One of our cats is extremely vocal. She is just over 1 year old and is an absolute sweetheart, but if we kick her out of the bedroom, she will sit outside our door meowing to get back in and sometimes scratch at the door. She runs into the room at night before we shut the door and we let her stay, although it usually takes a bit for her to calm down. She'll sleep until around 2AM or so and then start walking all over us and trying to get comfortable and usually at that point we have to kick her out because she won't settle down. She'll go out and be just fine until I get up around 6AM and feed them. However, right after we feed her she'll want back in the bedroom. That's fine if we are both up, but I am the first one up in the morning while my husband doesn't get up for about another 1-1 1/2 hours so I keep the bedroom door shut, but she won't stop meowing even if I'm out there with her. The meowing keeps my husband up and if I let her in the room, she'll keep him up by walking all over him.

Is there anything we can do to calm her down and make her stop? None of our other cats do that.


----------



## elber (Nov 6, 2015)

My cat Auglaize used to do this when we first adopted her, and she was about the same age. We placed a Sentry Calming Collar around her neck every night so she would stop running around and go to sleep - we finally got a full night's sleep and she rarely wakes us up anymore. 
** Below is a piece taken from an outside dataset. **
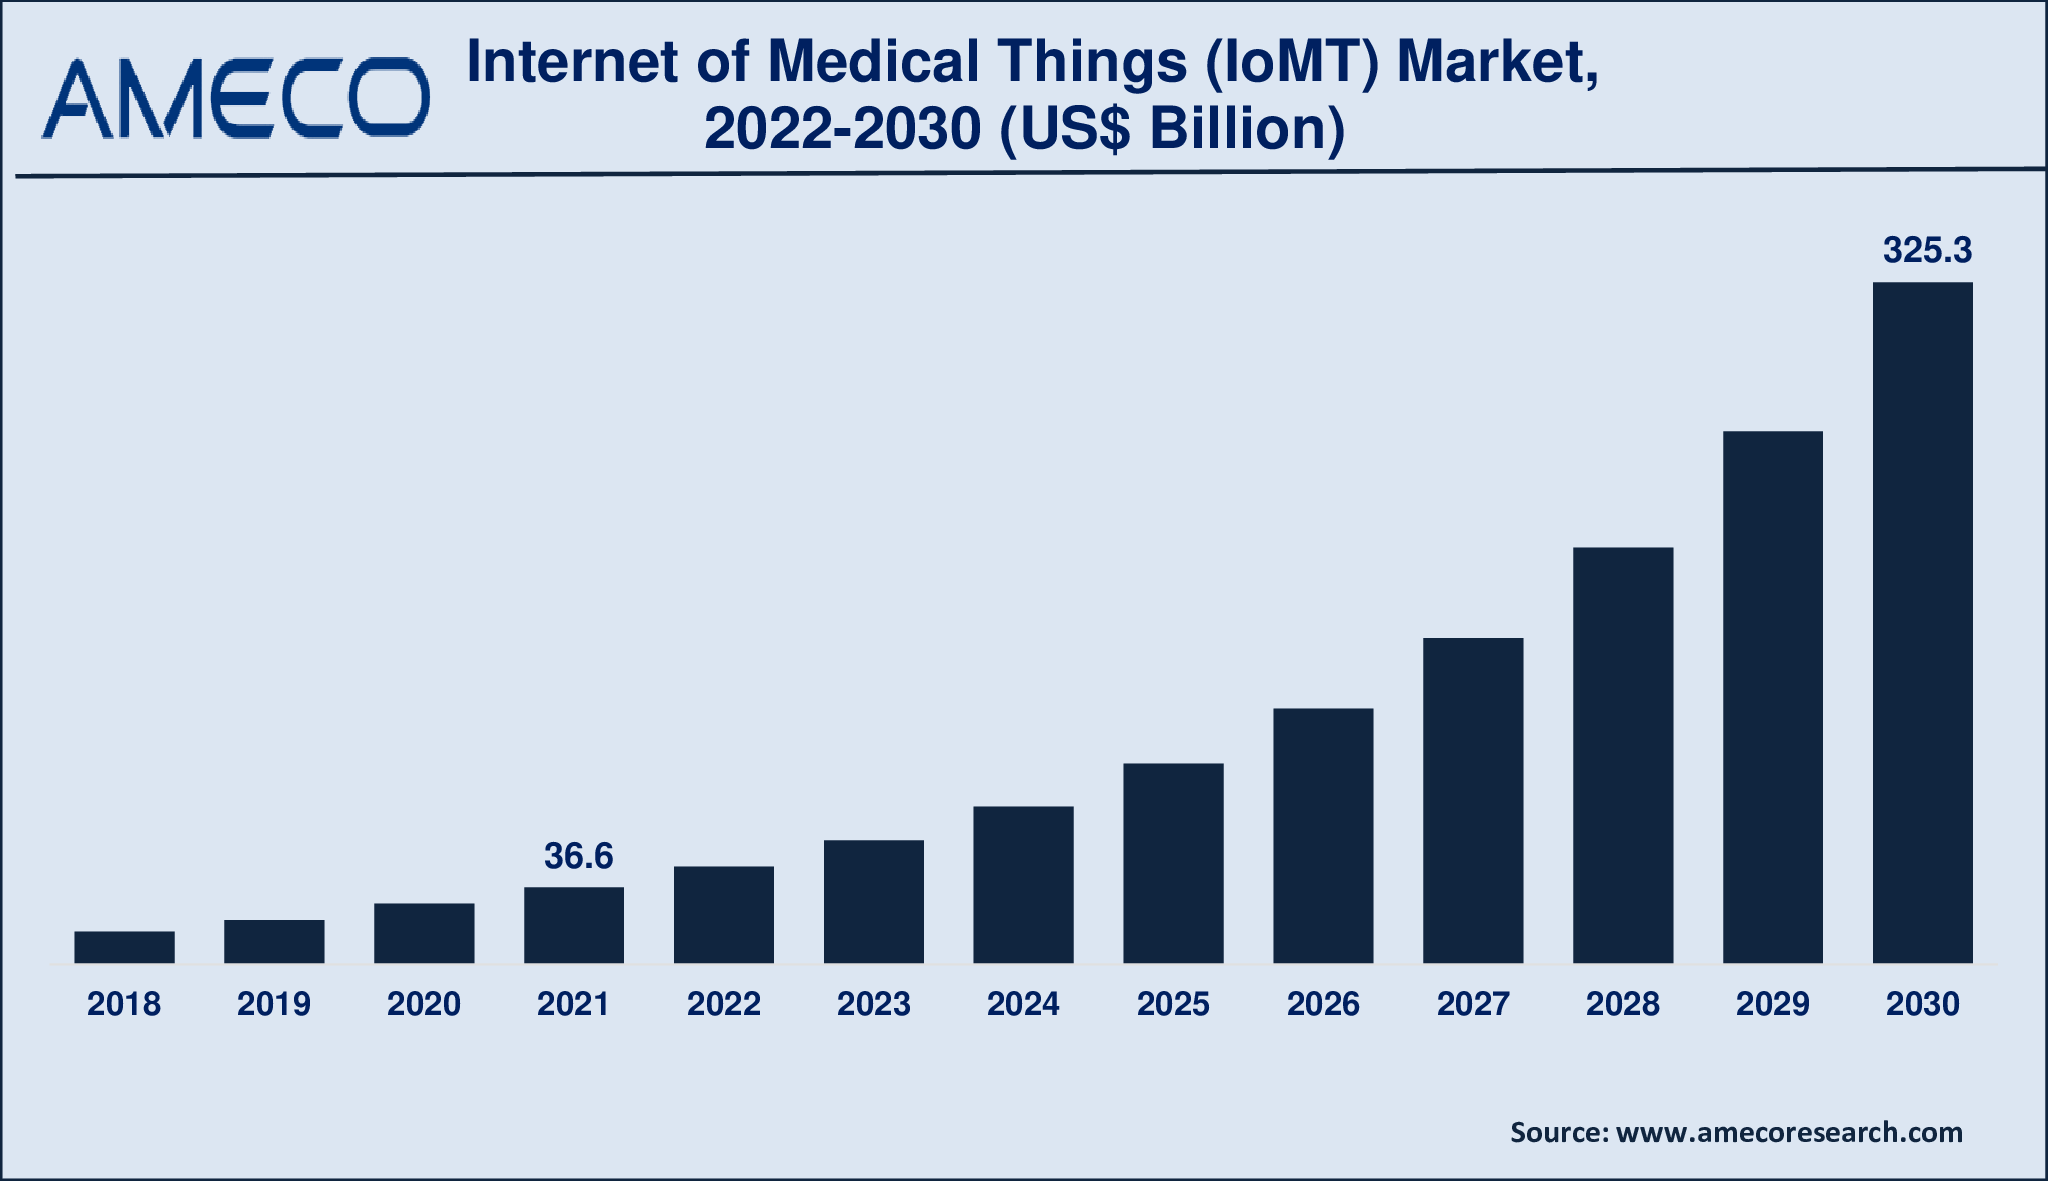 Internet of Medical Things (IoMT) Market Size, Share, Growth, Trends, and Forecast 2022-2030

I'm not sure what to do about keeping her in one room, though. We've always left our bedroom door cracked so Auglaize can come and go throughout the night. Usually she sleeps by my husband's feet, but some mornings I'll go downstairs and find she used the litter box while we were sleeping.


----------



## Arianwen (Jun 3, 2012)

I get woken at some point most nights but I think it settles down over time and becomes more intermittent.


----------



## Mapper71 (Sep 16, 2009)

elber said:


> My cat Auglaize used to do this when we first adopted her, and she was about the same age. We placed a Sentry Calming Collar around her neck every night so she would stop running around and go to sleep - we finally got a full night's sleep and she rarely wakes us up anymore.
> 
> I'm not sure what to do about keeping her in one room, though. We've always left our bedroom door cracked so Auglaize can come and go throughout the night. Usually she sleeps by my husband's feet, but some mornings I'll go downstairs and find she used the litter box while we were sleeping.
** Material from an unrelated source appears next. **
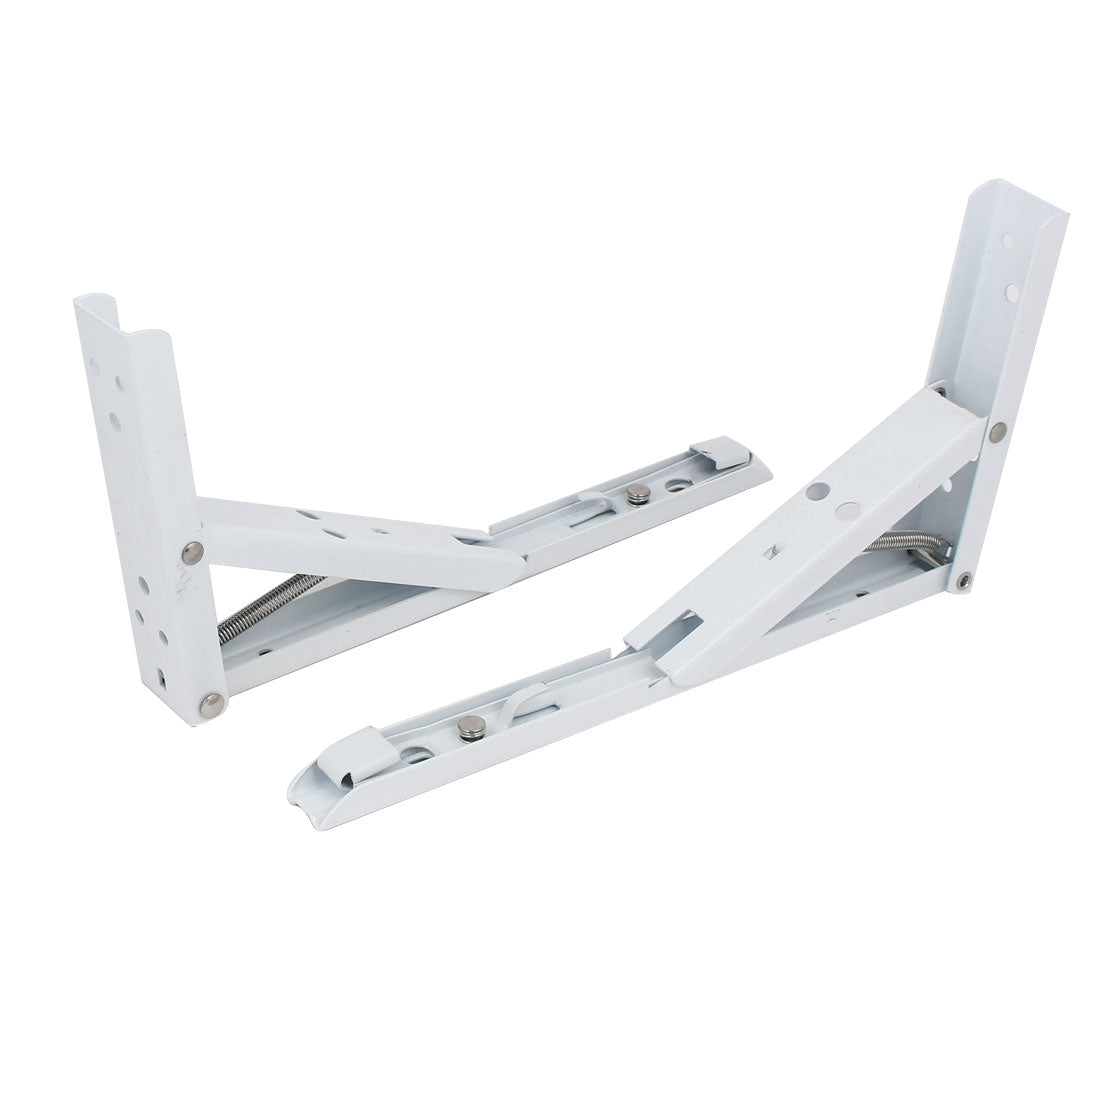 uxcell Uxcell 10-inch Long Metal Spring Loaded Folding Shelf Bracket Support White 2pcs

The thing is, I don't think she's stressed, I think she just REALLY wants to be on the bed because that's where she is a lot during the day and that's where we are at night.


----------



## LakotaWolf (Aug 10, 2012)

You could always try a collar as Elber suggested, or something like a Feliway diffuser in the hallway outside your bedroom. I know it isn't really a "bad behavior" reason why she wants in the bedroom, but Feliway could help her chill out when she does get kicked out.


----------



## catloverami (Jul 5, 2010)

I've always needed a good night's sleep to function well the next day, so I don't let my cats sleep with me, only for short late afternoon naps. It's their routine to go to a different room for the night.....and then you aren't bothered by those insistent ones who want to scratch at the bedroom door even tho they know I'm not going to let them in. They get an evening snack just before I go to bed and it's their routine to run into their room for the night and eat their snack. _Have to be consistent and ignore any howling pleas_ to be let of their room tho. Meowing will stop after a while when they find it doesn't get their door opened. This has worked for me for many years.


----------